New fathers are often more familiar with their baby's reflexes than they think. Although you may not officially be aware of what they are, or know the names of them, these reflexes involve things you probably notice your baby doing every day. For example, you observe the rooting reflex when your baby looks for the breast or a bottle when he is ready to eat and his cheek is stroked.
Why does your baby tightly grab your finger when you put it into his hand? That's the palmar grasp reflex. The plantar grasp reflex causes the same thing to happen on his foot. In addition to being the easiest to recognize, these grasping reflexes also are often the last to disappear. The palmar grasp reflex doesn't usually go away until your baby is five to six months old. And the plantar grasp won't disappear until even later, when your baby is nine to twelve months old.
Infants are born with reflexes that help protect them in their environment. For example, the Moro or startle reflex might protect your baby if something covers her face all of a sudden. The parachute reflex, in which the arms extend if your baby falls forward, can protect her as she learns to walk. And the rooting and sucking reflex can help her to eat.

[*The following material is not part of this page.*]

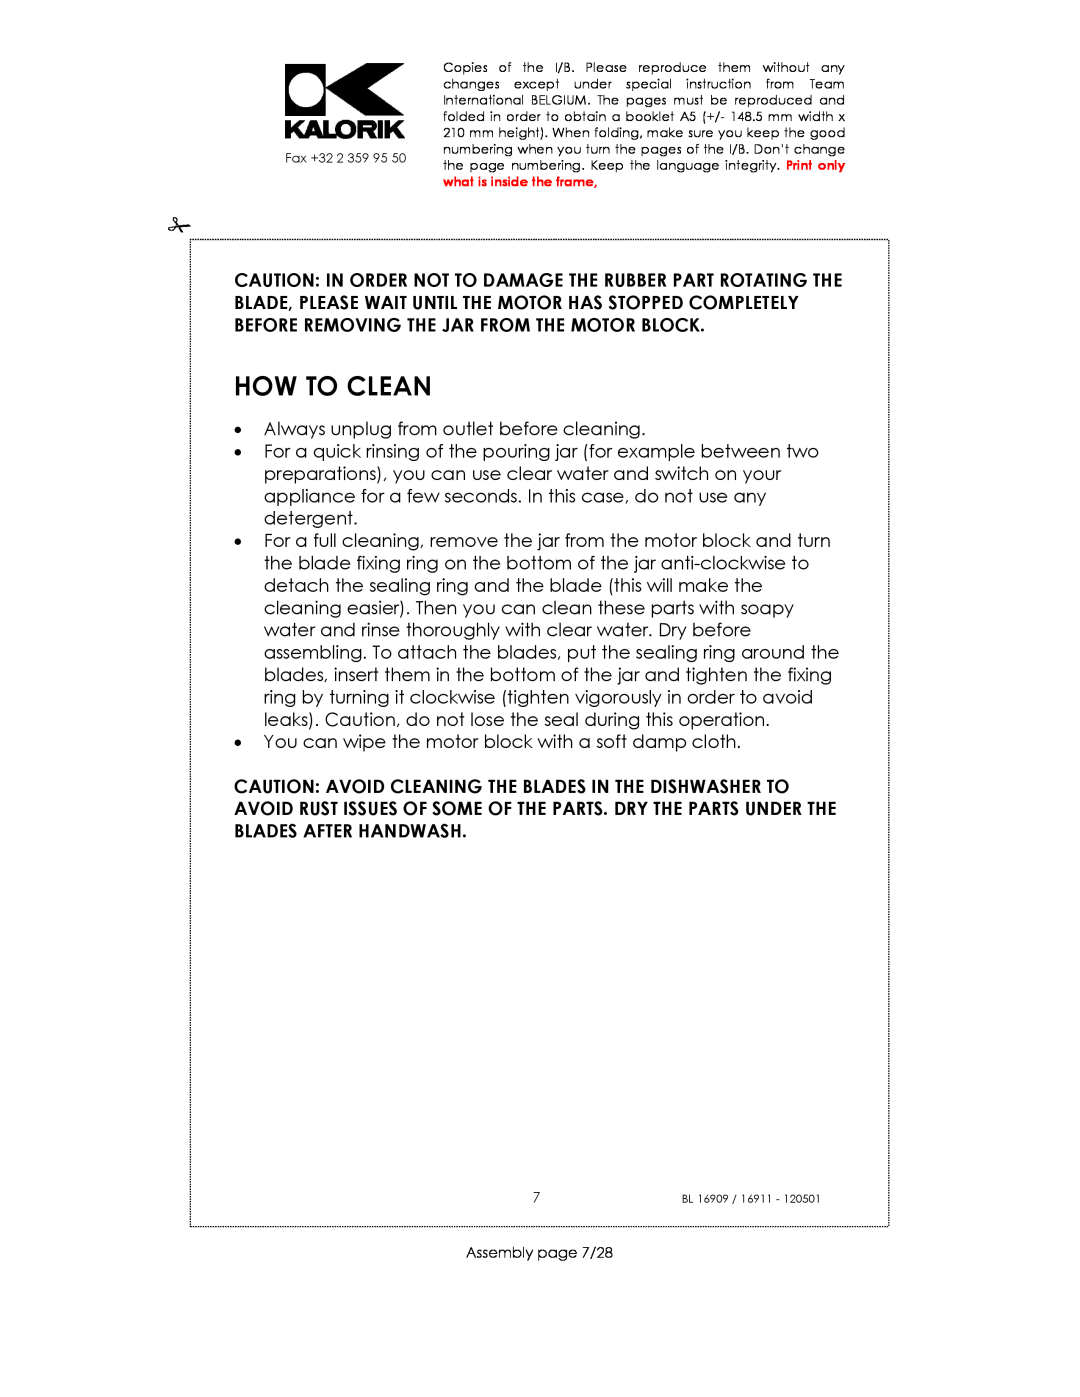 Kalorik 33029, usk bl 16909, 16911 manual How To Clean 
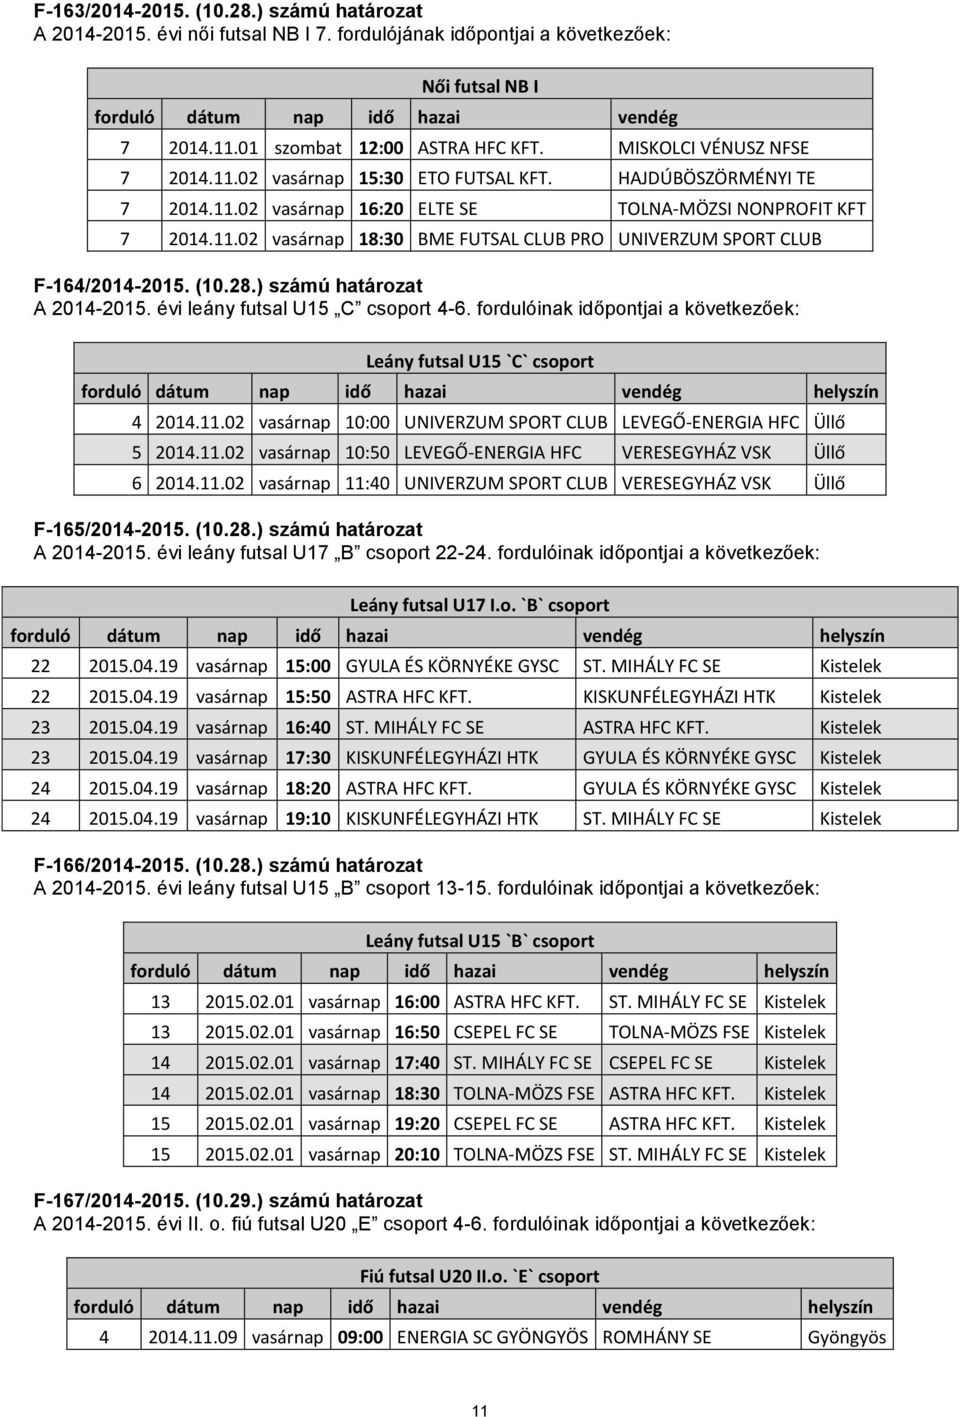 (10.28.) számú határozat A 2014-2015. évi leány futsal U15 C csoport 4-6. fordulóinak időpontjai a következőek: Leány futsal U15 `C` csoport 4 2014.11.

Observing these reflexes and the time at which they go away can help to make sure that your baby is growing and developing normally. The average dad doesn't need to be testing these reflexes on a regular basis, though. For most dads, it is just a fun thing to notice. Your pediatrician will be checking all of your baby's reflexes at his well-baby exams, and will pay special attention to them if you have any concerns about your baby's development. There are several other reflexes your pediatrician will check that you may also notice as you watch your baby.
Moro or Startle Reflex
This reflex is one of the easiest for parents to recognize. After your pediatrician stimulates this reflex, your baby should throw his arms and legs outward, cry, and then draw them back in. The Moro reflex also can occur if your baby is surprised or startled by a loud noise or if you quickly change his position.
If your baby doesn't have a Moro reflex or only responds with one side of his body or one arm, it can indicate a problem that your pediatrician will want to investigate. The Moro reflex is present at birth and usually goes away by two months.
Tonic Neck Reflex
This is an interesting reflex when you see it. In response to turning his head to one side, this reflex causes a relaxed baby to straighten his arm on that side and bend his other arm. If you then turn his head to the other side, he will reverse the positioning of his hands. The tonic neck reflex usually goes away by five to six months. This is one of the harder reflexes to see, so don't be surprised if you never see your baby getting into this "fencing position."